The U.S. Court of Appeals for the First Circuit ruled earlier this week that Customs and Border Protection agents may conduct warrantless searches of cellphones and electronic devices at the U.S. border, in a ruling that is already raising privacy questions among digital rights advocates.
The decision, issued by a panel of judges and authored by Judge Sandra Lynch, states that the government’s interest in searching persons at the border is “at its zenith,” therefore trumping privacy concerns.
“Electronic device searches do not fit neatly into other categories of property searches, but the bottom line is that basic border searches of electronic devices do not involve an intrusive search of a person,” Lynch writes.
The decision is at odds with an earlier district court finding that these kinds of searches violate the Fourth Amendment because there’s no assurance there is a “reasonable suspicion” that the devices in question contained digital contraband.
The case at issue, which alleged CBP and Immigration and Customs Enforcement had violated the plaintiffs’ Fourth and First Amendment rights during warrantless searches of their electronic devices years ago, was originally filed in 2017.
Human rights and privacy advocates have long argued that a search of a cellphone or electronic device may be just as intrusive as searching a person or their belongings, if not more intrusive, given the kind of sensitive information contained on phones gives a digital roadmap to nearly everything in people’s lives in the 21st century.
“Warrantless and suspicionless electronic device searches can give border officers unfettered access to vast amounts of private information about our lives,” Adam Schwartz, a senior staff attorney at the Electronic Frontier Foundation (EFF), told CyberScoop. “We are disappointed with the ruling and evaluating all options to ensure we don’t lose our privacy rights when we travel.”
It was not immediately clear what the next step would be for the plaintiffs in the suit, which was backed by the EFF and the American Civil Liberties Union.

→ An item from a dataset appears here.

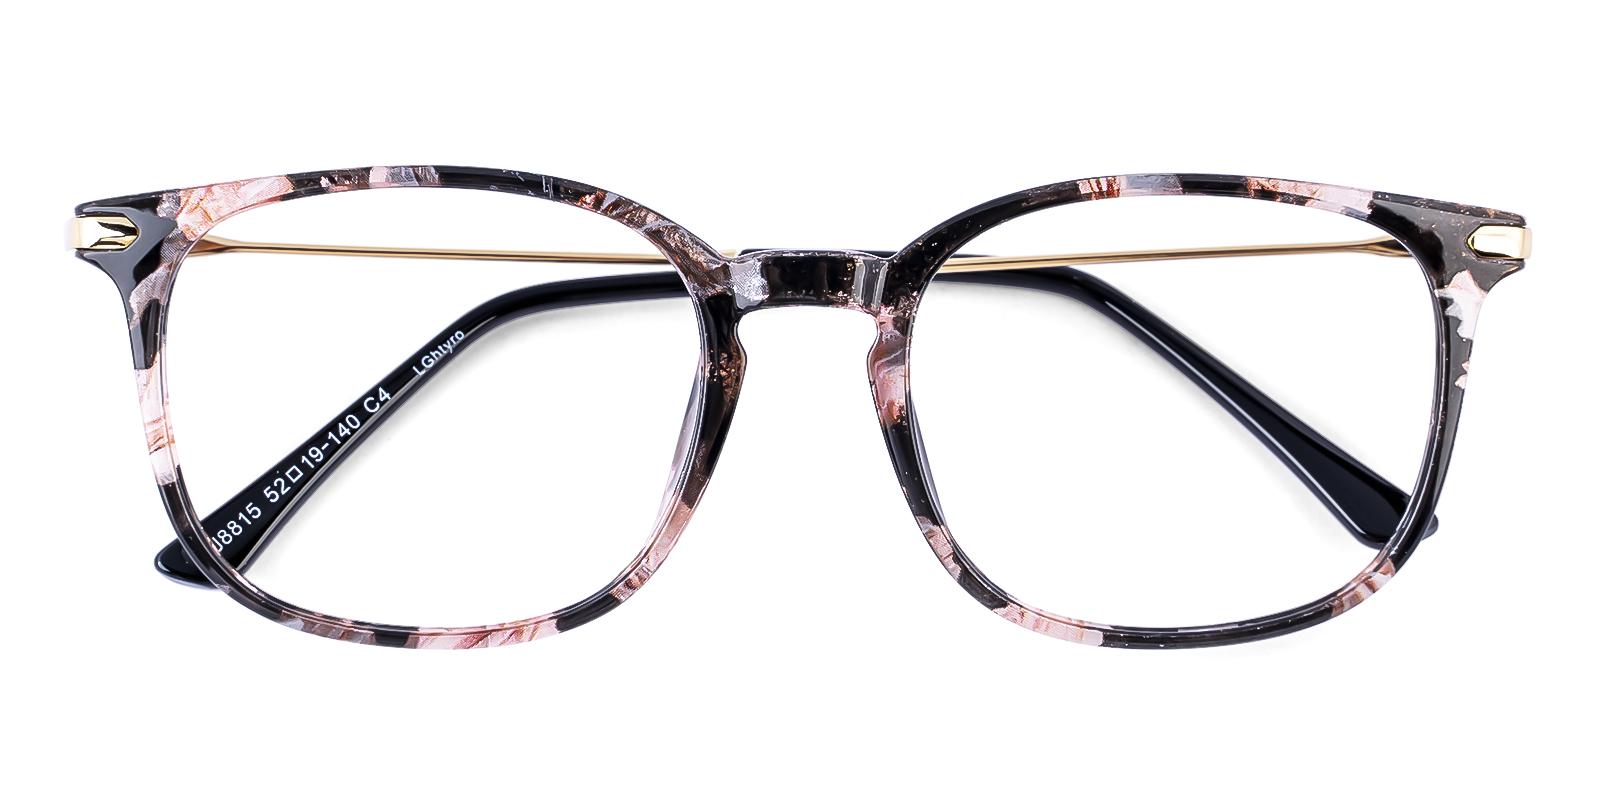 Dosast Pattern Plastic Eyeglasses , UniversalBridgeFit Frames from ABBE Glasses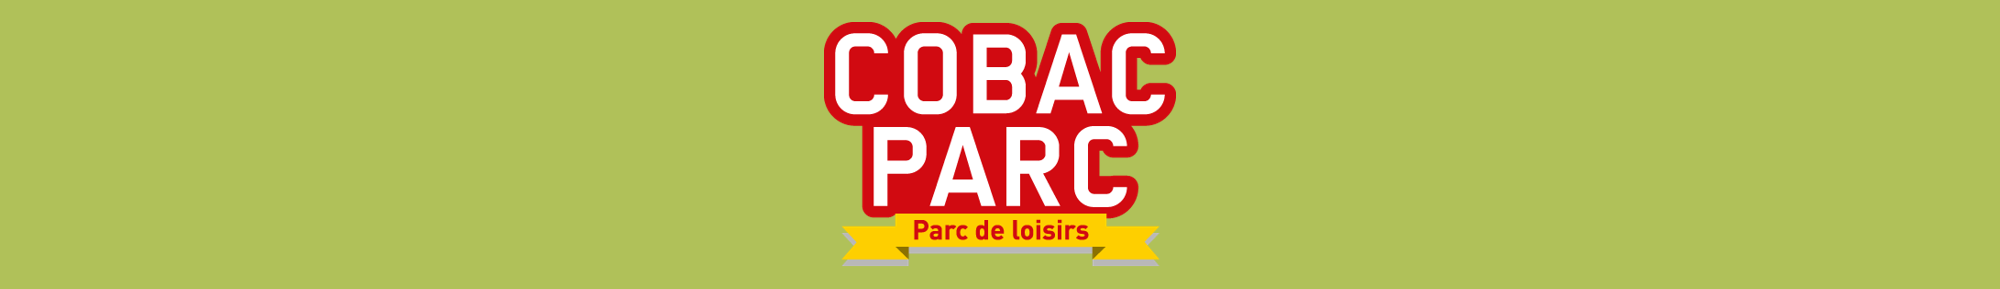 COBAC PARC logo

Sophia Cope, a senior staff attorney on the EFF’s civil liberties team, told Bloomberg they could push for a rehearing or the case could advance to the Supreme Court next.
Although the Fourth Amendment lays out guardrails on protection against unreasonable search and seizure, the case law of its application has evolved over the last several decades to account for technological development. The decision from the First Circuit this week is just the latest reminder that whether the government is required to obtain a warrant in advance of collecting information from or surveilling individuals on their devices is a live question in some circumstances.
The question that emerged in recent weeks when the Defense Intelligence Agency, a military-focused U.S. intelligence agency, revealed in an intelligence memo that it has been obtaining location data from smartphones Defense Intelligence Agency, a military-focused U.S. intelligence agency, by buying it from commercially available databases, as CyberScoop reported.